#### GIVEN DATA ####

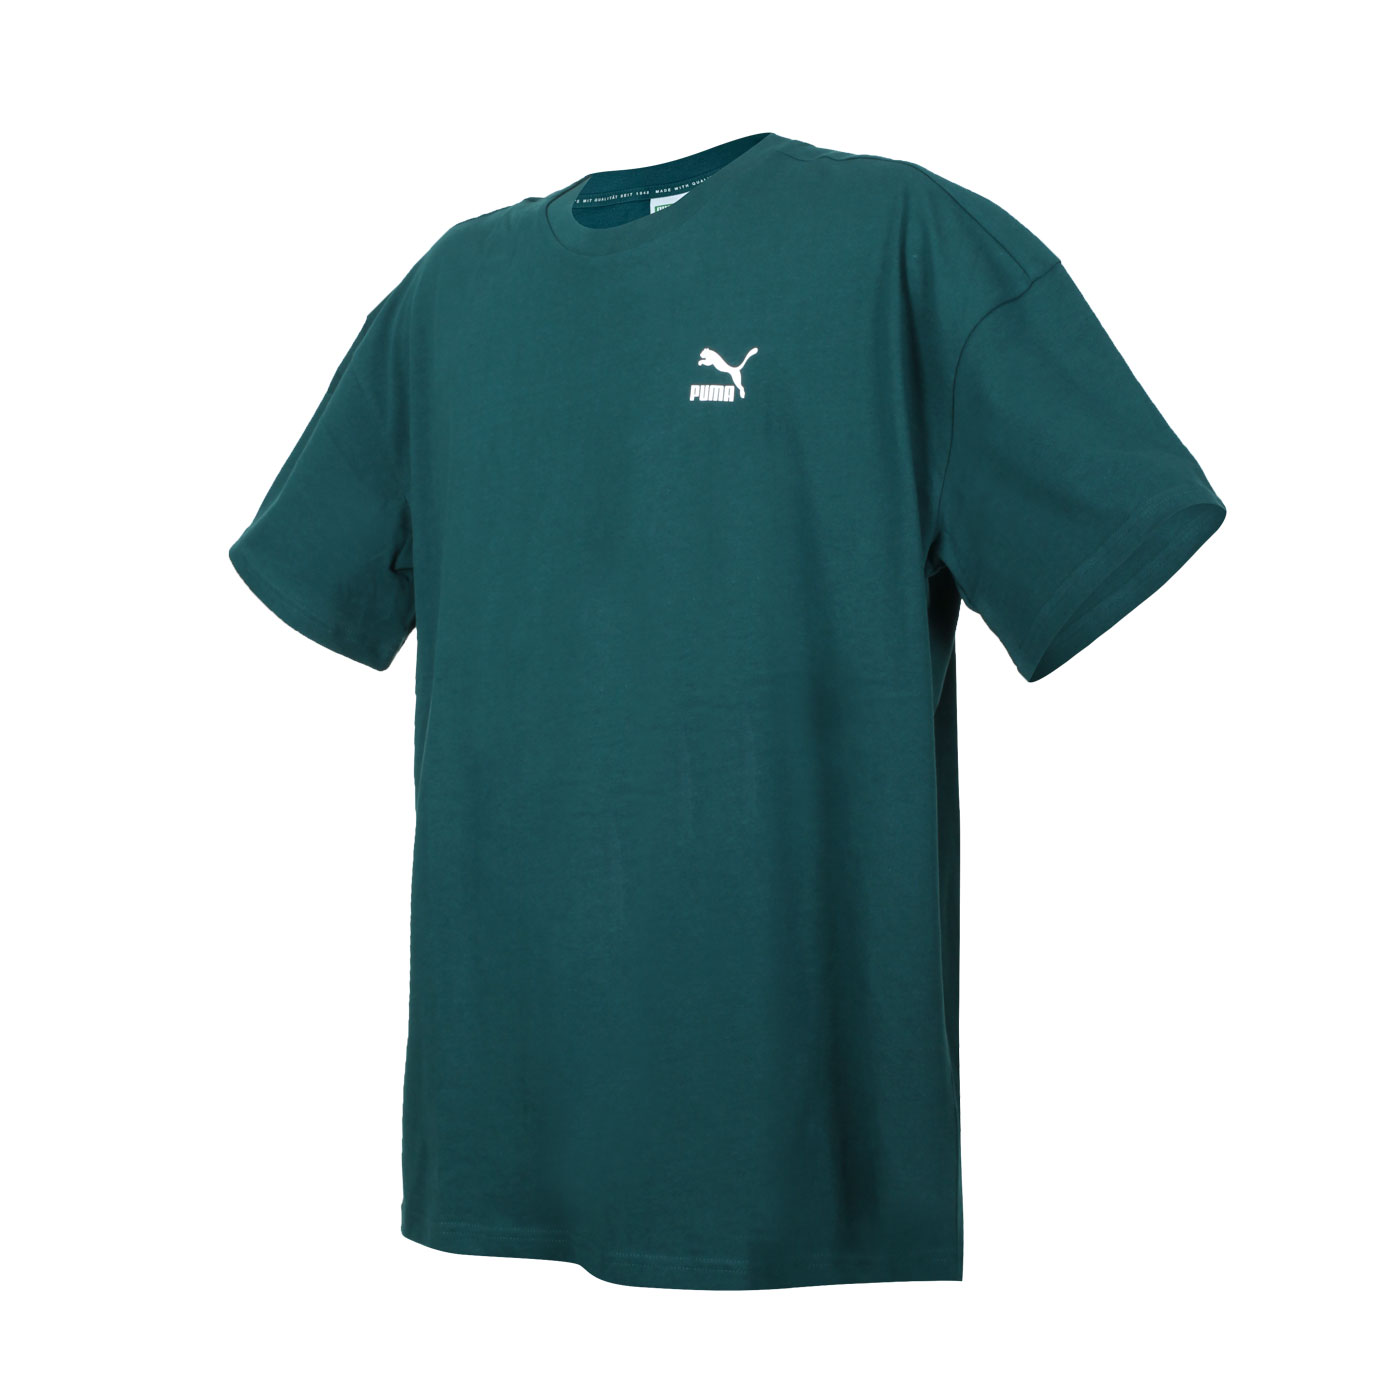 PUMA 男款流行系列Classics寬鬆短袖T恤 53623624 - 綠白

####
#### GIVEN DATA ####

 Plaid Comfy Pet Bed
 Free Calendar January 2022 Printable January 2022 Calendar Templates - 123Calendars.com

####
#### GIVEN DATA ####

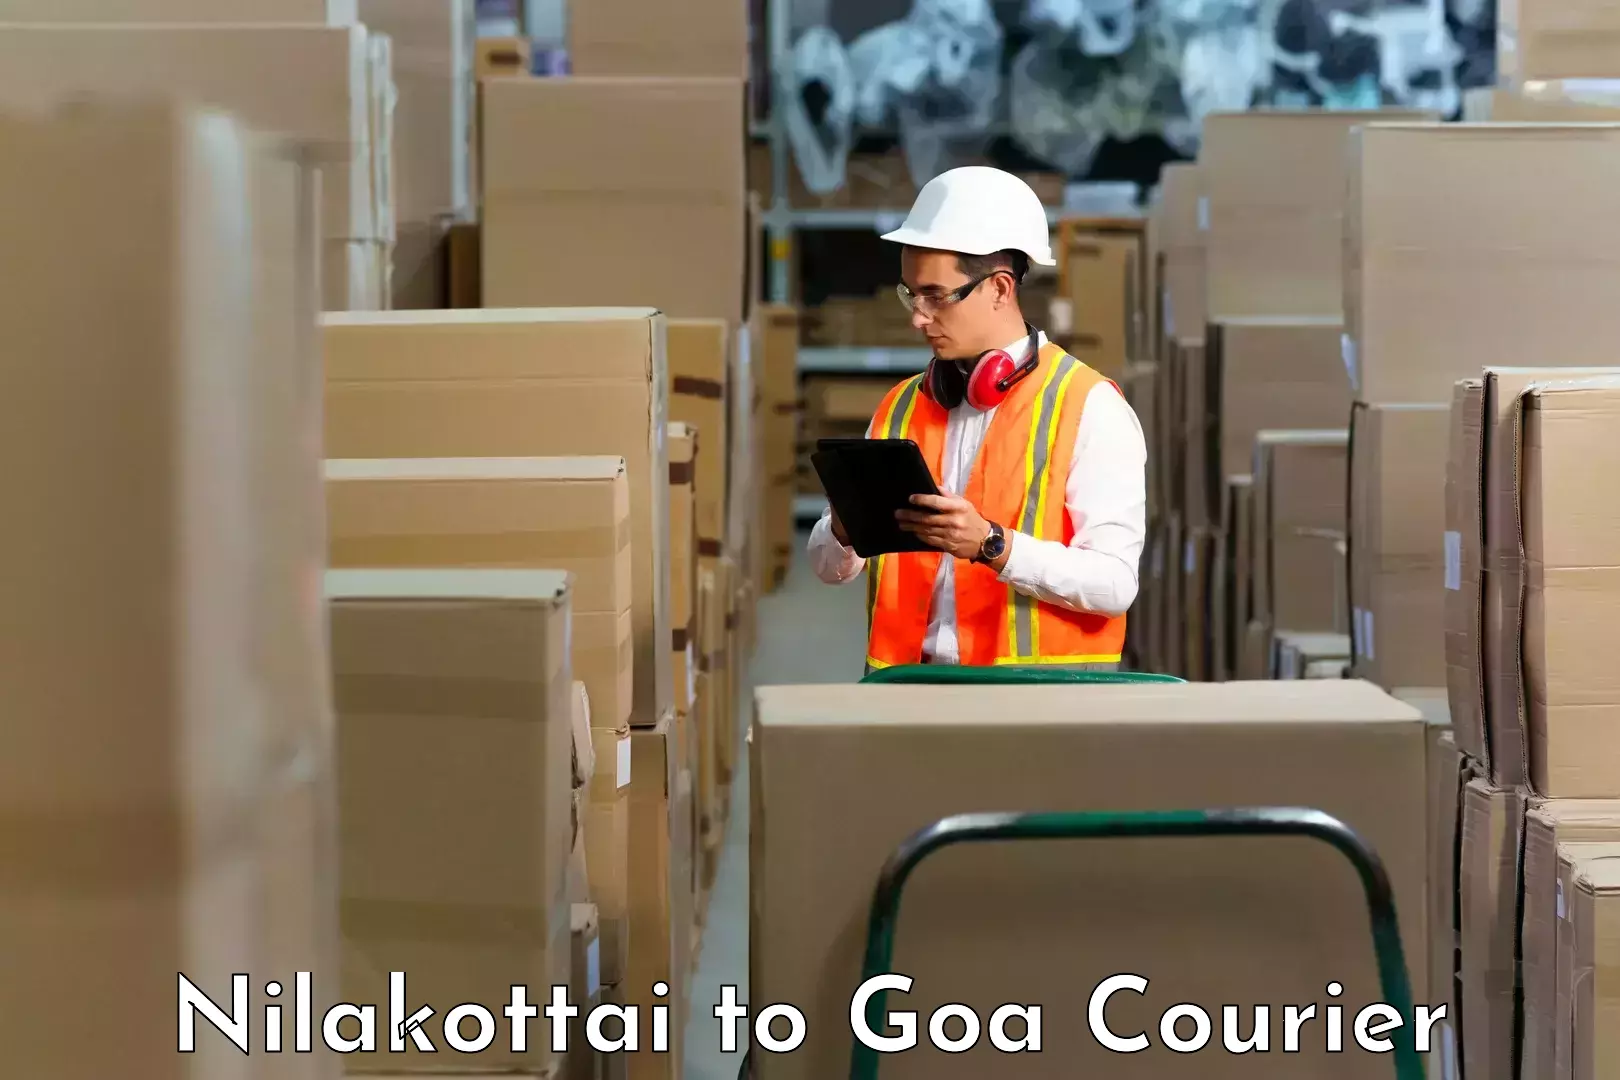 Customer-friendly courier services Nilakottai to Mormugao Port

####

- _HOW TO COMPLETE THIS TASK_:
For this task, write out exactly the lines of the entries above, starting at the line with "Plaid Comfy Pet Bed" and ending at the line with "Free Calendar January", both included, and no others.

- _SOLUTION TO THE PROBLEM_:
 Plaid Comfy Pet Bed
 Free Calendar January 2022 Printable January 2022 Calendar Templates - 123Calendars.com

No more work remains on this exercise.